Note that it uses \(\alpha\), rather than \(\beta_0\), to represent intercepts by default.

  1. For which predictions can you reject the null hypothesis \(H_0: \beta_j = 0\)?

For \(\beta_1\) (Price) and \(\beta_3\) (US).

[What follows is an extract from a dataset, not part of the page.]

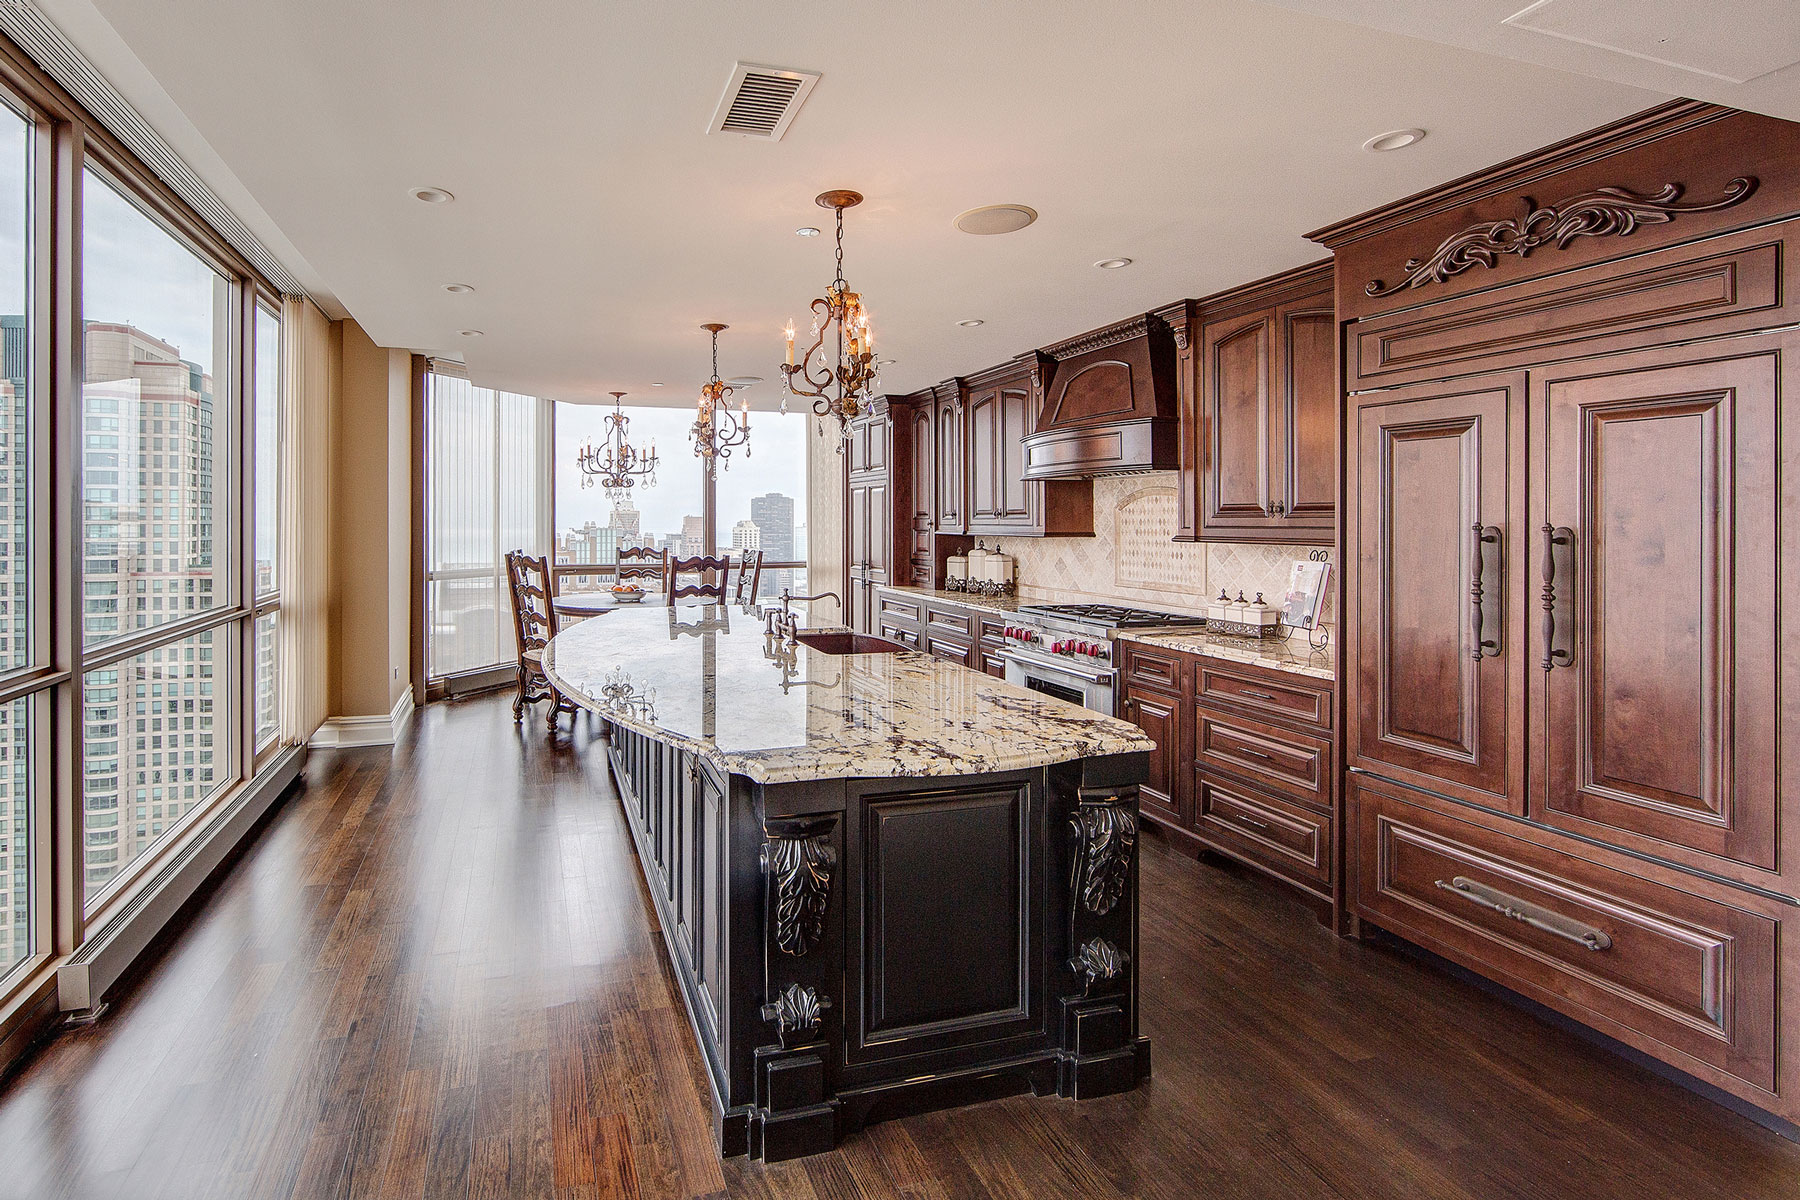 Chicago Condo Kitchen Remodel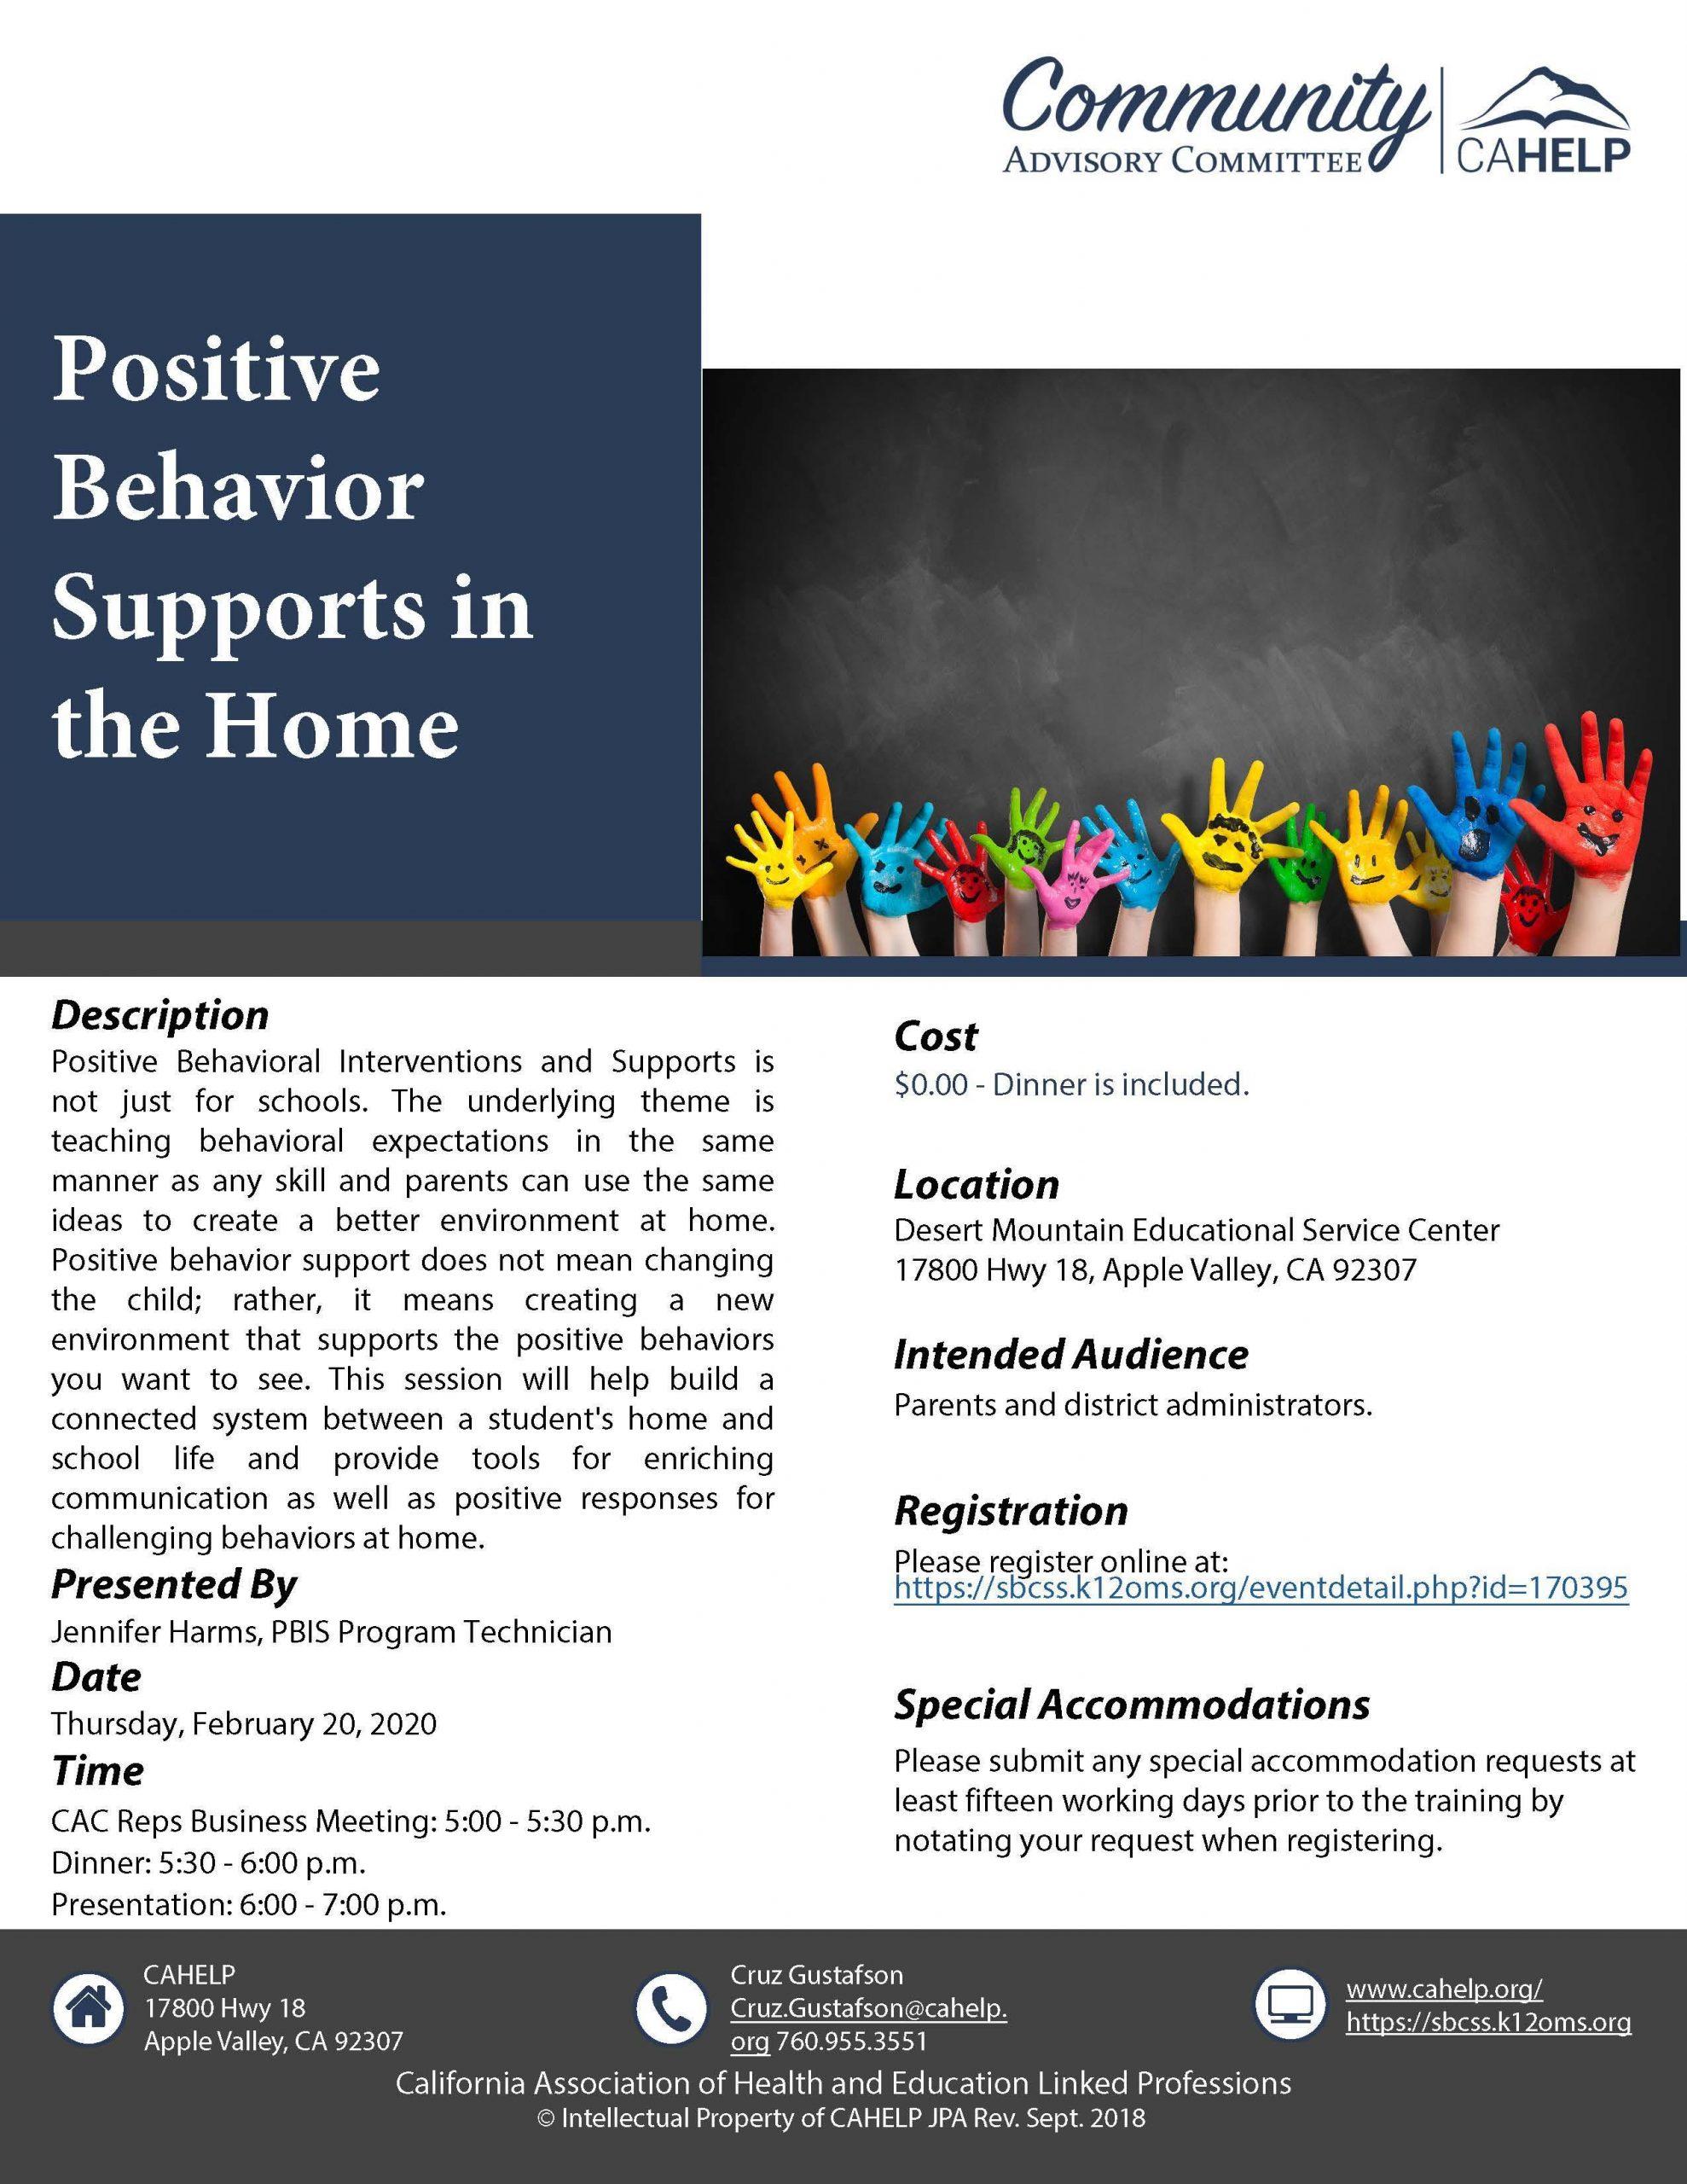 Positive Behavior Presentation By Cahelp

  1. Fit a smaller model with just the predictors in (d).
lm_sales_price_us_fit <- linear_reg() %>%
  fit(Sales ~ Price + US, data = carseats)
tidy_custom(lm_sales_price_us_fit) %>%
  gt()
term coefficient std.error t-statistic p-value
(Intercept) 13.031 0.6310 20.65 <0.001
Price -0.054 0.0052 -10.42 <0.001
USYes 1.200 0.2585 4.64 <0.001
  1. How well do the model fits the data?
bind_rows(
  bind_cols(model = "small", glance(lm_sales_price_us_fit)),
  bind_cols(model = "full", glance(lm_sales_price_urban_us_fit))
) %>%
  transmute(
    model, R2 = round(r.squared, 3), RSE = round(sigma, 3)
  ) %>%
  gt()
model R2 RSE
small 0.239 2.469
full 0.239 2.472

Excluding Urban makes no difference to \(R^2\). Run an \(F\)-test as well:

anova(
  extract_fit_engine(lm_sales_price_urban_us_fit),
  extract_fit_engine(lm_sales_price_us_fit)
)
## Analysis of Variance Table
## 
## Model 1: Sales ~ Price + Urban + US
## Model 2: Sales ~ Price + US
##   Res.Df    RSS Df Sum of Sq      F Pr(>F)
## 1    396 2420.8                           
## 2    397 2420.9 -1  -0.03979 0.0065 0.9357
  1. Obtain 95% confidence intervals for the coefficients from (e).
tidy(lm_sales_price_us_fit, conf.int = 0.95) %>%
  transmute(
    term, across(c(estimate, conf.low, conf.high), round, 3)
  ) %>%
  gt()
term estimate conf.low conf.high
(Intercept) 13.031 11.790 14.271
Price -0.054 -0.065 -0.044
USYes 1.200 0.692 1.708
  1. Is there evidence of outliers or high leverage observations in the model from (e)?
lm_sales_price_us_fit %>%
  performance::check_model(check = "outliers")

No evidence of outliers or high leverage points.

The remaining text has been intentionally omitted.